巻線45の一方の残余部45Aからコアクランプ機構30の横コアクランプ38、38と縦コアクランプ43、43に固定された環状コア46までの距離H1と、巻線の他方の残余部45Bからコアクランプ機構30の横コアクランプ38、38と縦コアクランプ43、43に固定された環状コア46までの距離H2とをほぼ等しくしているので、巻線45の巻回部46E1は巻線45の略真ん中となり、巻線45は中央部45C付近から環状コア46の右側に巻かれることになる。
以下に上述した動作を同様に繰り返して右側巻線の巻回を行う。
第2図に示すように、このようにして巻線の一方の残余部45A側の巻回部45E1は環状コア46の下部右側に巻かれる。前述同様に、係る動作を繰返し環状コア46の右側を巻回46E9まで巻かれたとき、コアクランプ機構の縦コアクランプ43、43を逆回転し、今度は巻回部45E9と巻回部45E7との間に巻回部45E2を巻き回す。更に、巻回部45E7と巻回部45E5間に巻回部45E4、巻回部45E5と巻回部45E3間に巻回部45E6と巻回し、巻回部45E3と巻回部45E1間に巻回部45E8まで巻かれたとき、巻線45の一方の残余部45Aを取出し端子とする。
一方の残余部45Aと他方の残余部45Bは巻線45が環状コア46に巻回開始された部分から接近して取出される。取出された巻線45の一方の残余部45Aと他方の残余部45Bの余分な部分は切断される。

Claims (4)

  1. 環状コアと、前記環状コアに巻かれる巻線とを準備する工程と、
    前記巻線の一端付近を固定し、前記環状コアを一方側に貫通して突出する前記巻線の他端付近を第1クランプで固定し、前記環状コアをコアクランプ機構に固定する工程と、
    前記環状コアの一方側にて前記第1クランプで前記巻線を固定し、前記コアクランプ機構を前記第1クランプから離間する方向に移動させ、前記環状コアと前記第1クランプとを離間させて前記巻線を前記環状コアに巻回する工程と、
    前記環状コアと前記第1クランプとを接近させて前記巻線を緩め、前記第1クランプを回転させて前記巻線をループ状に曲げて前記巻線の他端を前記環状コアの他方側に貫通させる工程と、
    前記環状コアの他方側で、前記巻線の他端付近を第2クランプで固定し、前記コアクランプ機構を前記第2クランプから離間する方向に移動させ、前記巻線を前記環状コアに巻回する工程と、
    前記環状コアの他方側で前記巻線を前記第1クランプで固定し、前記第2クランプによる前記巻線の固定を解除する工程と、
    前記第1クランプを、前記環状コアの下方を経由して、前記環状コアの他方側から一方側まで移動させ、前記第1クランプで前記巻線を固定し、前記コアクランプ機構を前記第1クランプから離間する方向に移動させ、前記環状コアと前記第1クランプとを離間させて前記巻線を前記環状コアに巻回する工程と、
    を備えることを特徴とするトロイダルコイルの製造方法。
  2. 前記巻線の前記他端側を前記環状コアに巻回した後、前記巻線の前記一端付近を前記第1クランプで固定し、前記巻線の前記一端側を同様に前記環状コアに巻回する工程と、
    を更に備えることを特徴とする請求項1に記載のトロイダルコイルの製造方法。
  3. 前記巻線の前記他端側の巻線方向と、前記巻線の前記一端側の巻回方向とを、逆方向にすることを特徴とする請求項2に記載のトロイダルコイルの製造方法。
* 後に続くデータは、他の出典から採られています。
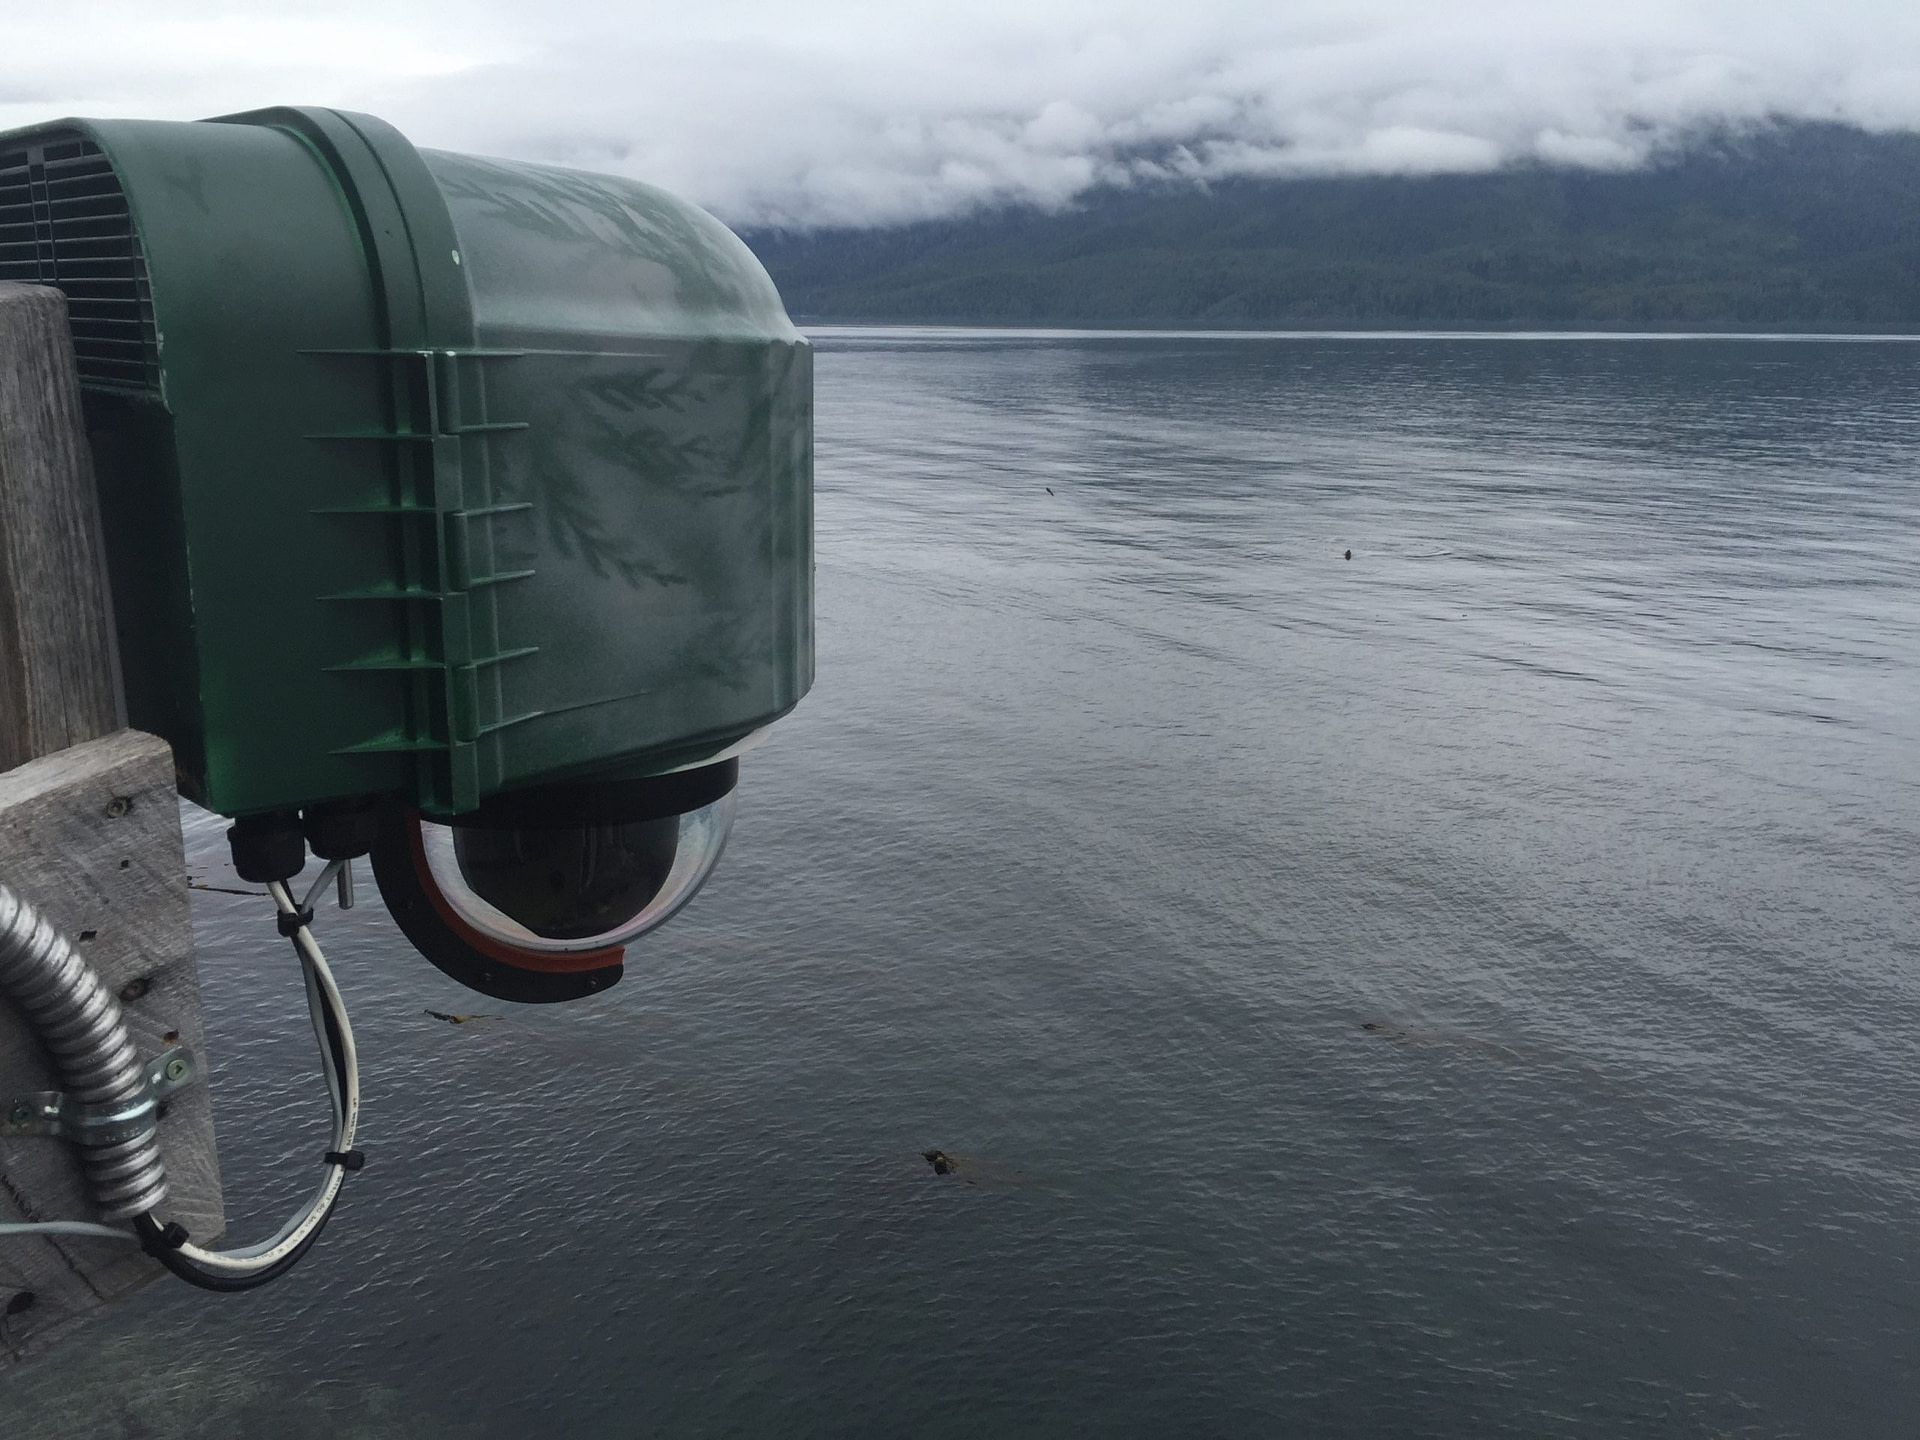 XRain Self Wiping Camera Enclosure System Installed At Critical Point With Orcalab Overlooking Resident Orcas In Johnstone Strait In British Columbia Canada

  4. 前記巻線の前記他端側は前記環状コアの初期位置から巻回が開始されて所定ピッチで円周方向の一方向に送られて反転してピッチ間に巻回されて前記初期位置に戻り、
    次に前記環状コアに巻回される前記巻線の前記一端側は前記環状コアの前記初期位置から巻回が開始されて所定ピッチで円周方向の逆方向に送られて反転してピッチ間に巻回されて前記初期位置に戻り、
    前記巻線の両側の残余部が前記初期位置の近傍から導出することを特徴とする請求項1から請求項3の何れかに記載のトロイダルコイルの製造方法。